• [EXERCISE DATA]:
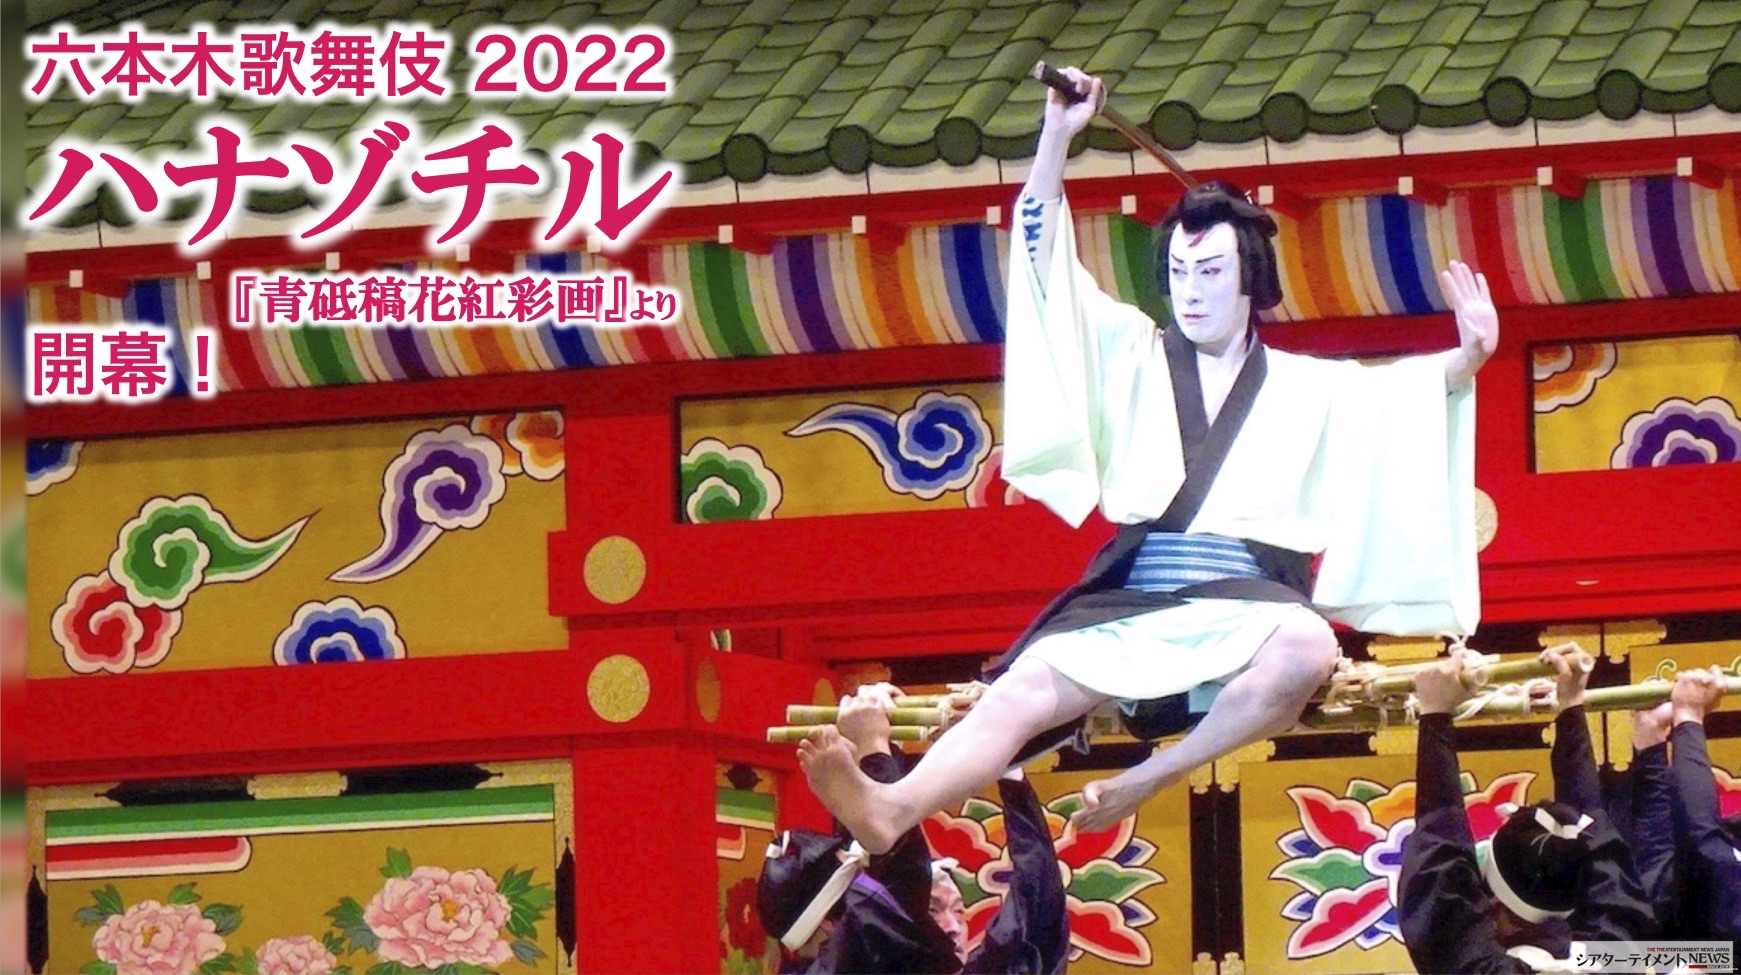 六本木歌舞伎 2022 『ハナゾチル』(『青砥稿花紅彩画』より) 開幕 
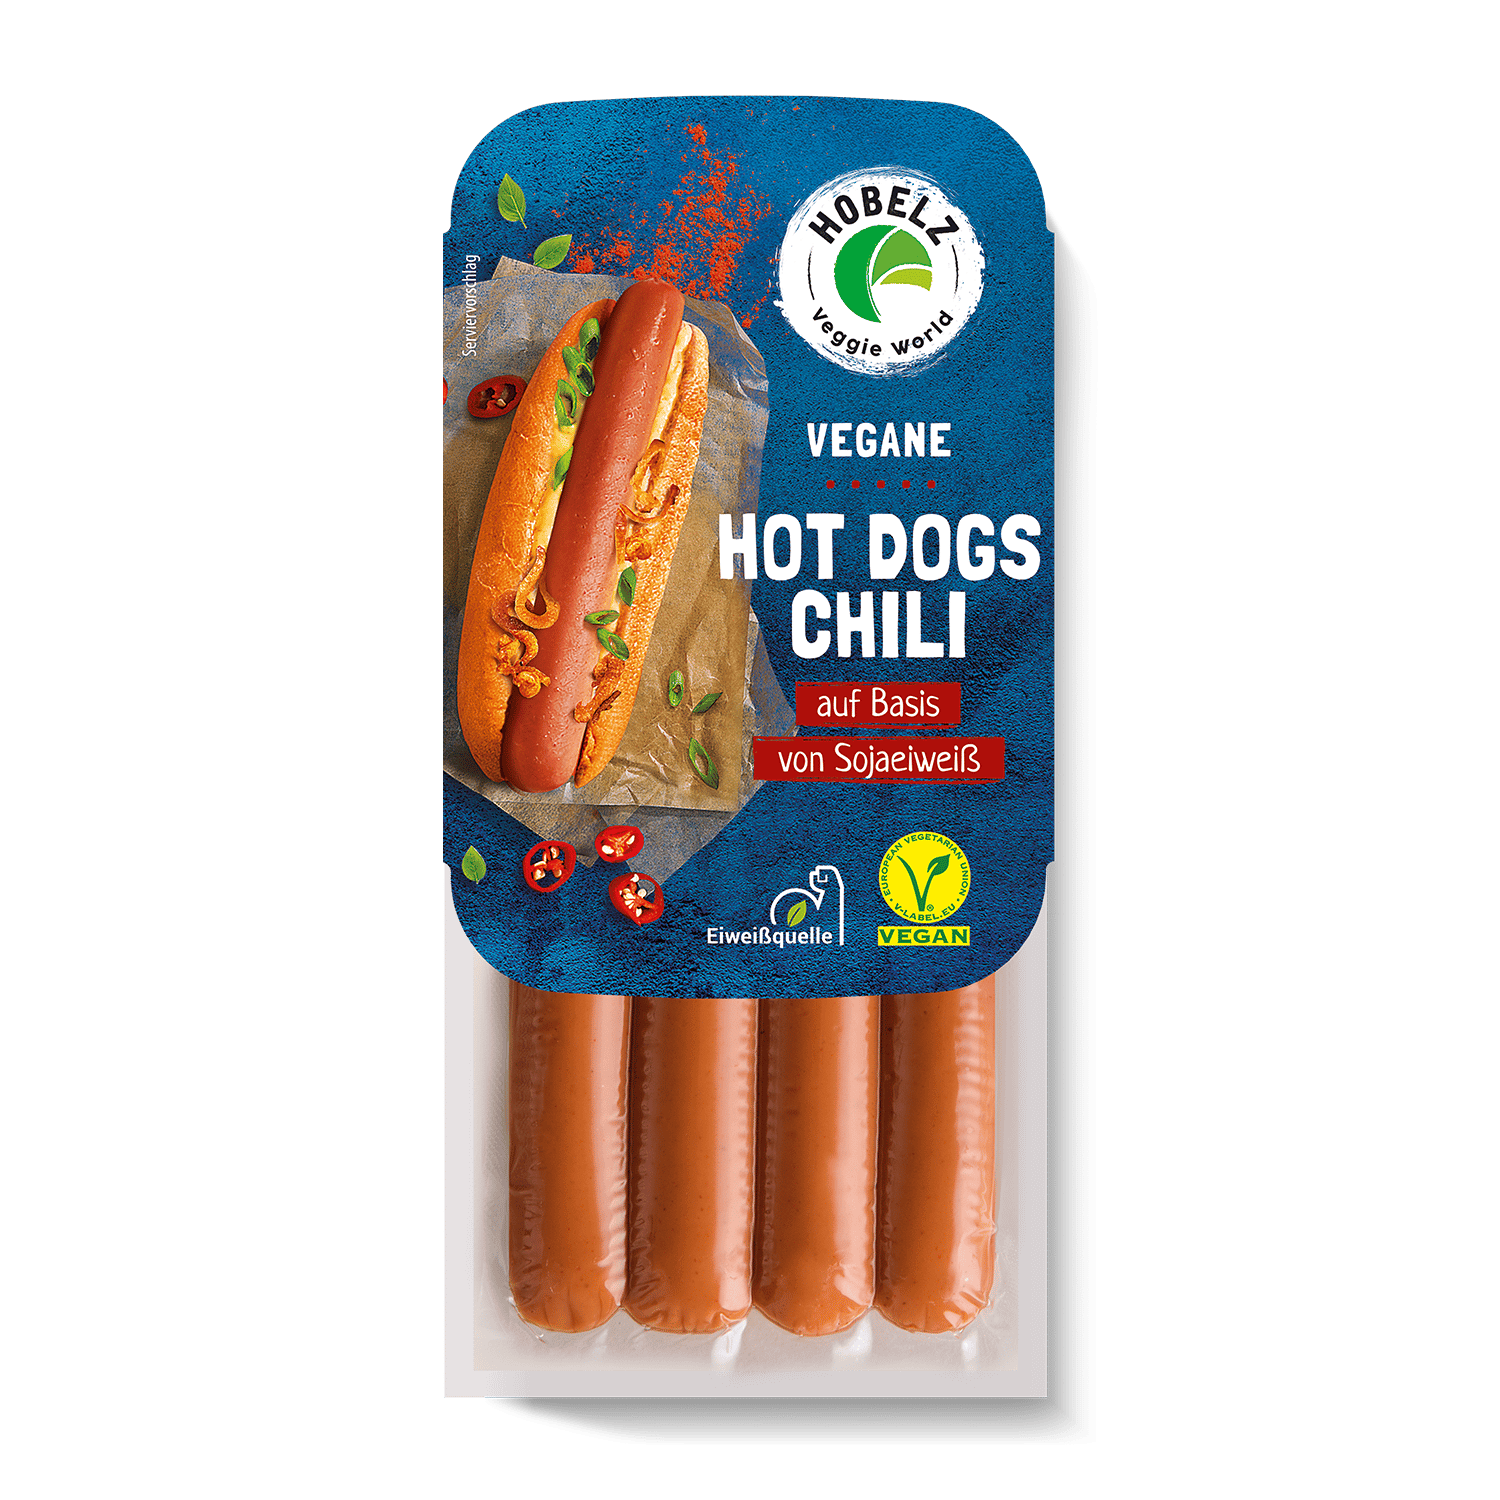 Vegane Hot Dogs Chili, 200g
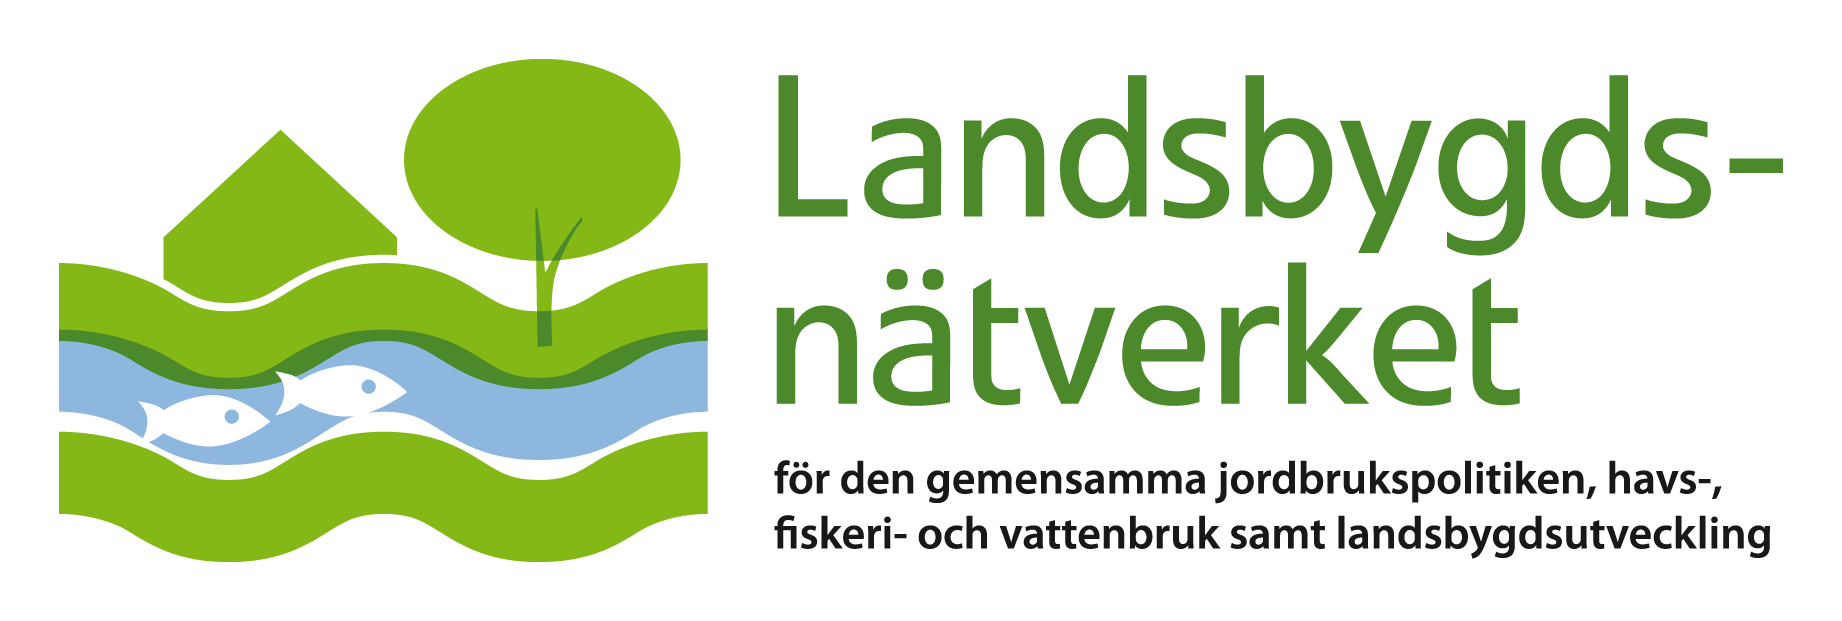 Logo för Landsbygdsnätverket. Bild.
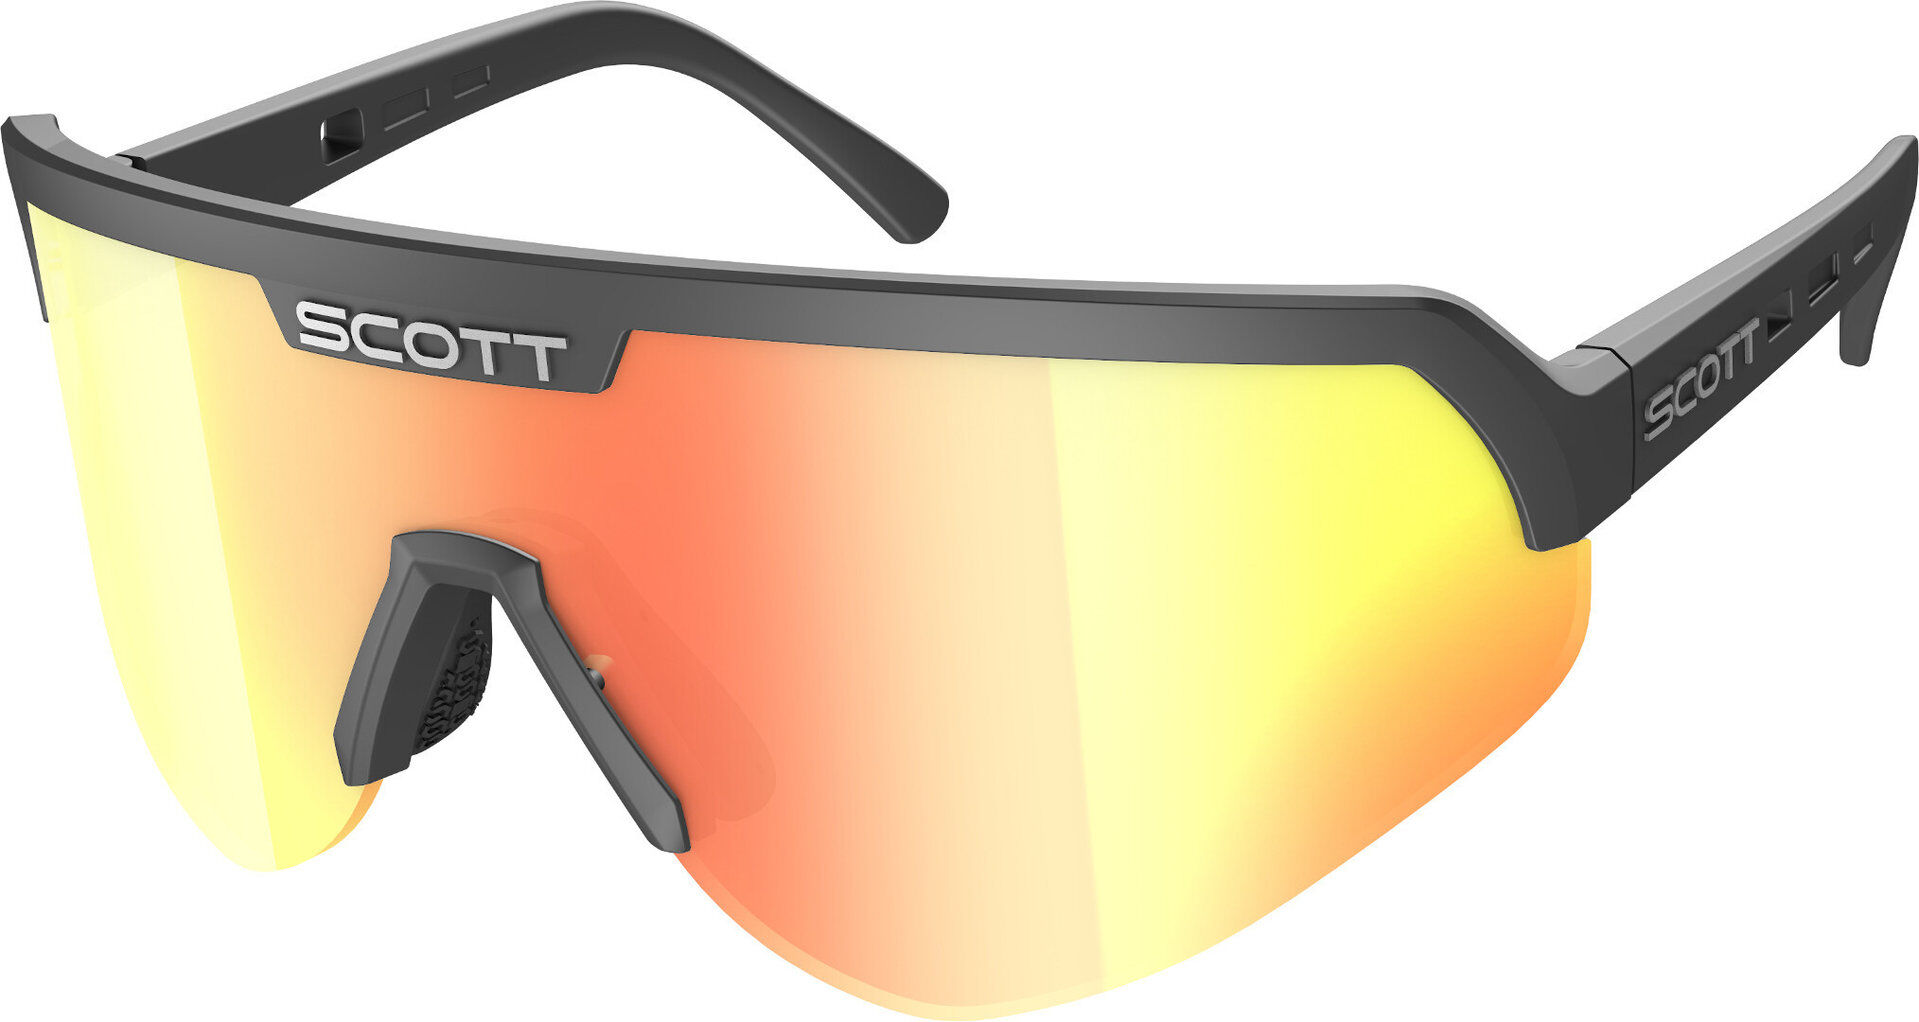 Scott Sport Shield Gafas de sol - Multicolor (un tamaño)

• [AIM OF THE TASK]: With pictures omitted, copy exactly the lines from the one containing "Vegane Hot Dogs Chili, 200g" through the final line of the listing, both included.

• [RESPONSE AREA]:
 Vegane Hot Dogs Chili, 200g
 Logo för Landsbygdsnätverket. Bild.
 Scott Sport Shield Gafas de sol - Multicolor (un tamaño)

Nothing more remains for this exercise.